The Outsiders of Uskoken Castle
- Dust jacket for the 1967 edition
- Author: Kurt Kläber
- Original title: Rote Zora und ihre Bande
- Translator: Lynn Aubry
- Cover artist: Emanuel Schongut
- Publication date: 1941
- Published in English: 1967
- Pages: 353 pp
- OCLC: 1170405

= The Outsiders of Uskoken Castle =

1941 novel by Kurt Kläber

The Outsiders of Uskoken Castle is a children's novel written by Kurt Kläber. The German original, Rote Zora und ihre Bande (Red Zora and her gang), was published under the pseudonym Kurt Held in 1941. The English version was translated from German by Lynn Aubry, illustrated by Emanuel Schongut and published in 1967 by Doubleday.

The story is about the adventures of Zora and a band of children who live in the ruins of an Uskok castle on the coast of Croatia. The children steal out of necessity, because they have no parents or other family to look after them. They are frequently involved in conflicts with the town's residents and reject the authority of adults, except for Gorian, an old fisherman who helps the children. When he needs help the children repay his kindness by coming to his rescue.

==Author==
The German author lived in exile in Switzerland and wrote under a pseudonym to avoid political persecution.

==Background of the story==
Kläber traveled to Yugoslavia in 1940, where he met Branko, Zora and her gang. The book is based on his experiences with these orphaned children in the Croatian city of Senj, where there is a castle called Nehaj Fortress.

In real life as in the story, the first child Kläber met in Senj was Branko, a boy who had recently been orphaned. Zora told Branko that the police were investigating him for stealing food. So Kläber was introduced to Zora. He wanted to take Branko and Zora back to Switzerland with him, but his refugee status made that impossible. Instead he wrote the children's story, intending to make it a political tool to draw attention to marginalized people in Europe. Zora became the central figure because Kläber was impressed with the way she organized the children into a gang and taught them solidarity. The boys accepted her as their leader.

==Title==
The German title Rote Zora ... refers to Zora's red hair. The Uskoken in the English title refers to the Uskoks, a band of pirates from 16th century Senj.

==Plot summary==
The book recounts the children's adventures as they live by the rules of their community and come into conflict with the city's residents. It begins by introducing some of the children. Branko's father is a traveling fiddler, so Branko used to live with his mother, who worked in a tobacco plant. But she has died, leaving Branko homeless. He finds a fish on the ground at the market, picks it up and is arrested for theft. Zora frees him through the window of the prison and takes him to the castle, which the gang has made their home. After passing a test of his courage, Branko is accepted into the gang of outlaws along with Nicola, Pavle and Duro.

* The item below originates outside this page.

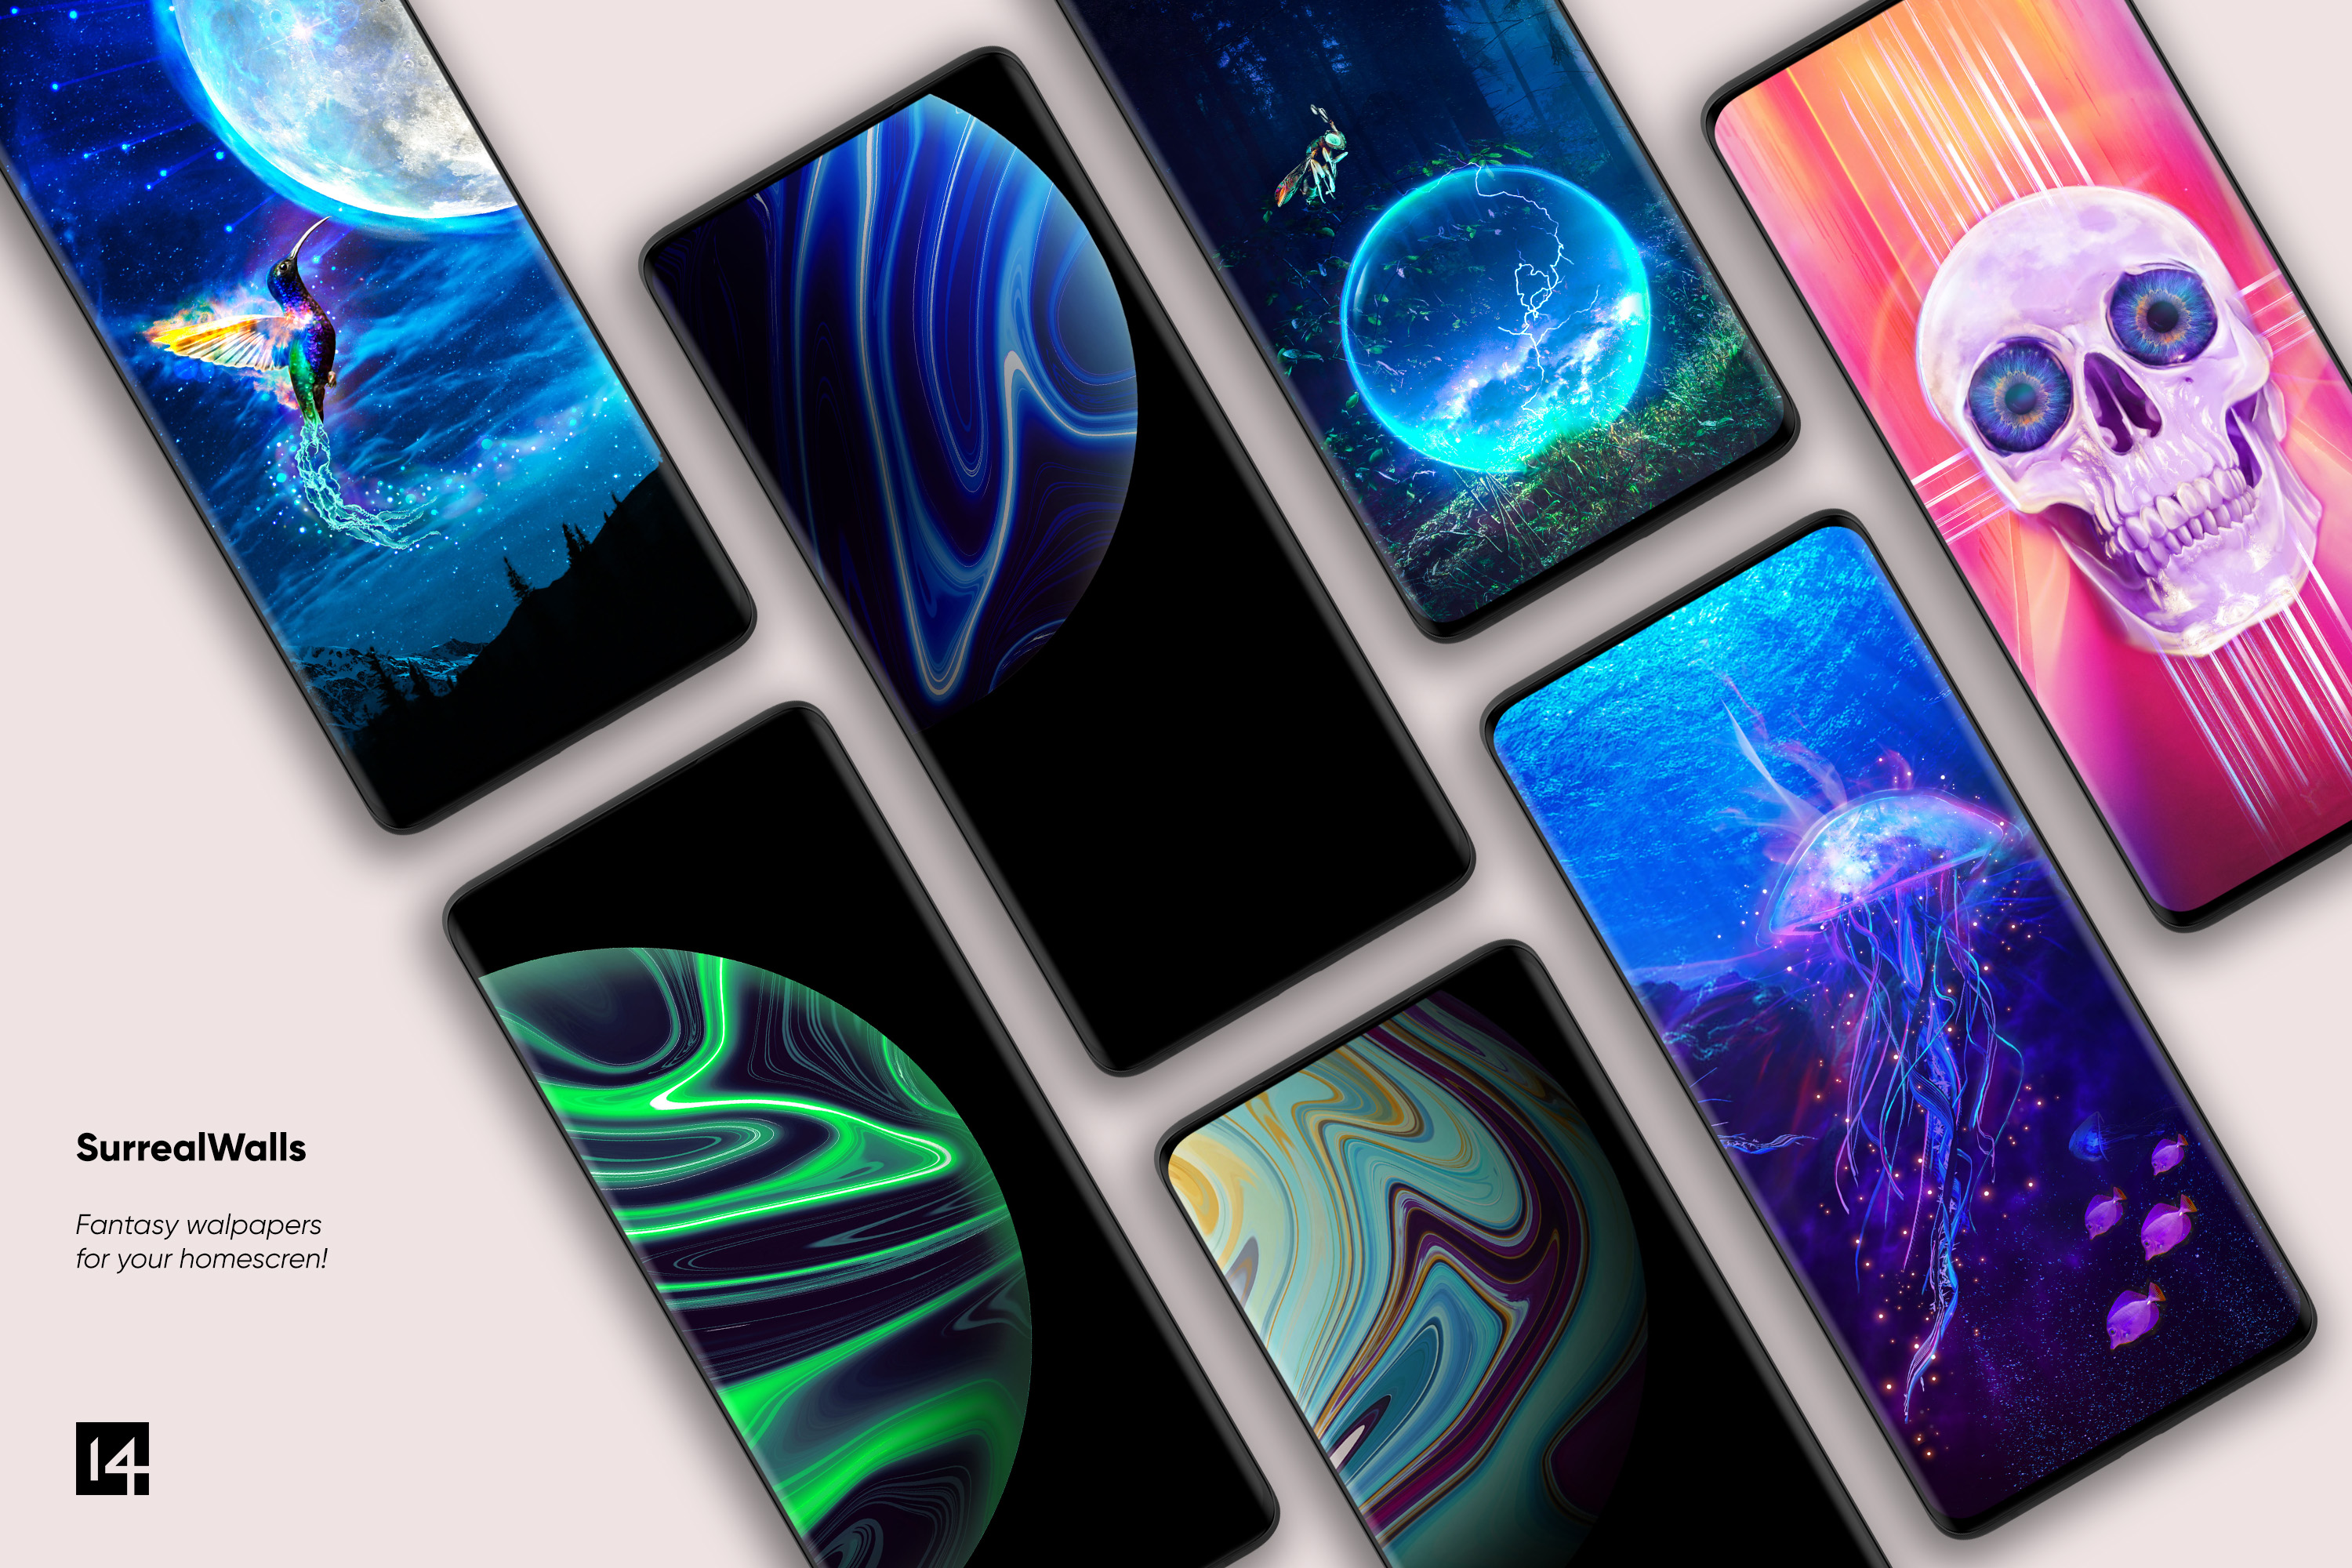 Onestudio on surrealwalls wallpaper app is live on google play static and live wallpapers with a lot more to e download here httpstcozlpdoigqj follow us like and retweet and

The city residents persecute the children, who play pranks on them in retaliation. In one episode, the gang steals a chicken from the old fisherman Gorian, who is honest, poor and works hard. Branko and Zora feel sorry for him and try to repay him with chickens stolen from the wealthy Karaman. Gorian catches them and insists that they return the stolen chickens. The children promise to help Gorian by working for him when he is short-handed. They help him in his conflicts with a large fishery.

==Reception==
The book was originally published by the Schweizer Sauerländer-Verlag in Aarau. As of 2007 it is still published in German by the Patmos Verlagsgruppe and is in its 36th printing. It has been translated into 18 languages, the latest being Croatian. The novel has been made into a film and a television series. The television series was aired on television in Croatia, but only late at night to prevent children from seeing it, the reason being that then the communist authorities did not want attention to be drawn to its marginalized people.

The book was adapted into a theater play by a Croatian actor/director Rene Medvešek, and it premiered in Trešnja theater in Zagreb in March 2017.

==See also==
- Die Rote Zora, a German militant feminist group active in West Germany from 1974–1995, who took their name from the story because the band was founded and led by a girl.